Researchers reported a 30.9% fatality rate with the CPAEs assessed. Overreported CPAEs associated with the highest fatality rates were cardiogenic shock (80.9%) and respiratory failure (66.2%).

When investigators stratified by CAR-T product, they observed what they called “a significant overreporting signal of VTE” after axicabtagene ciloleucel therapy (adjusted reporting OR = 1.8; 95% CI, 1.24-2.62).

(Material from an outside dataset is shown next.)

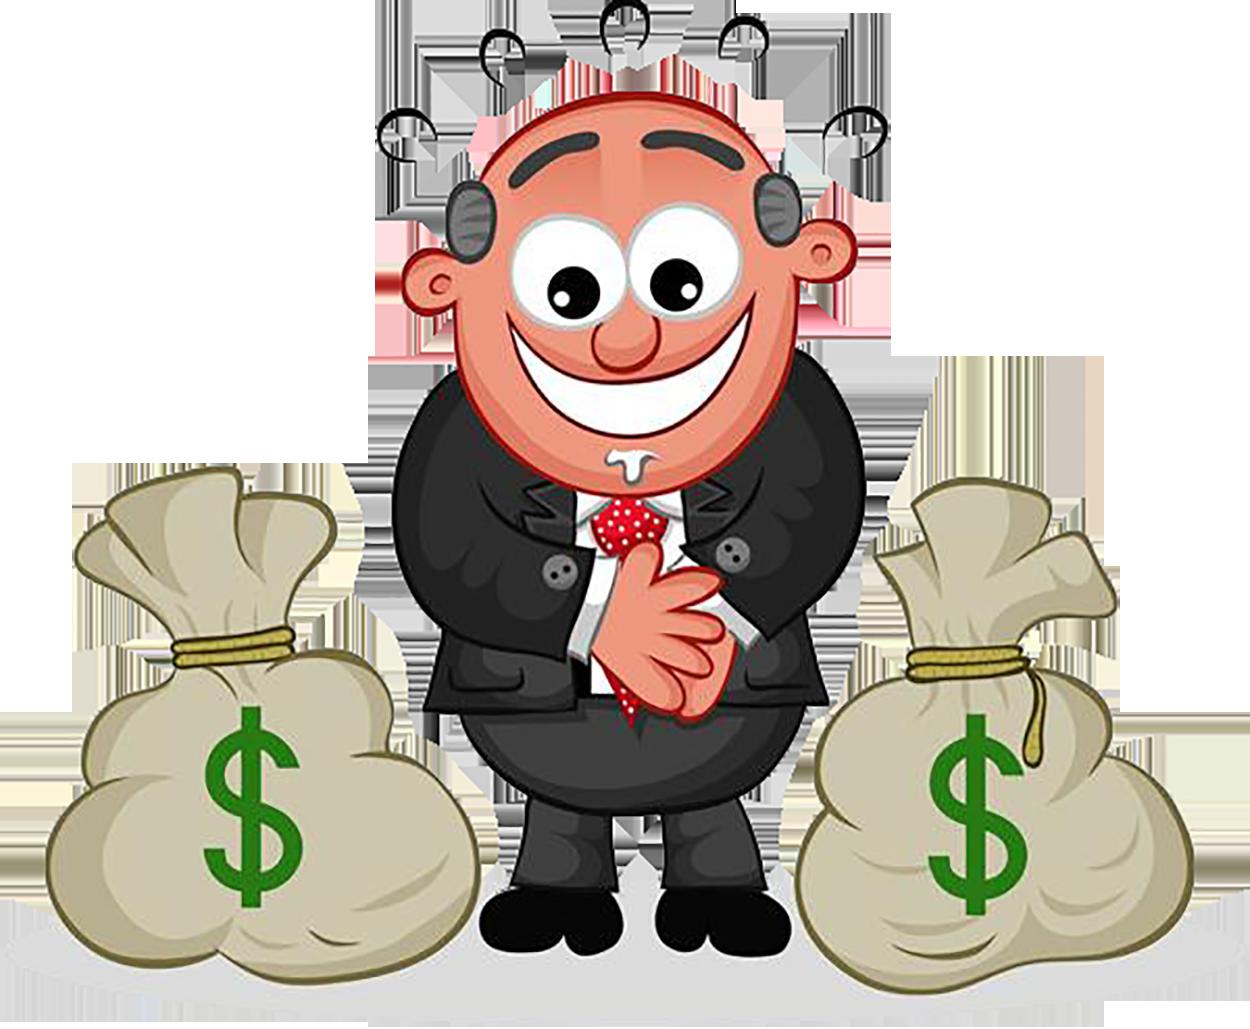 Human money clipart clip art black and white Cartoon Clip art - greedy man 1250*1029 transprent Png Free Download ... clip art black and white

An age- and sex-adjusted comparison of the two CD19-directed CAR-T products showed axicabtagene ciloleucel was associated with higher reporting of CRS (adjusted reporting OR = 1.4; 95% CI, 1.04-1.9), tachyarrhythmias (adjusted reporting OR = 1.82; 95% CI, 1.04-3.18) and VTE (adjusted reporting OR = 2.86; 95% CI, 1.18-6.93) than tisagenlecleucel.

Results showed similar reporting of composite severe cardiovascular adverse events between treatment groups.

“This post-marketing surveillance study suggests that CPAEs represent a meaningful challenge in the care of CAR-T recipients,” Shouval told Healio. “The strong link with CRS and increased mortality signal related to cardiovascular and pulmonary toxicity should prompt early interventions to mitigate CRS in early stages, especially [among] patients with cardiovascular risk factors. Importantly, more research is needed to define the mechanisms of cardiac complications in CAR-T recipients.”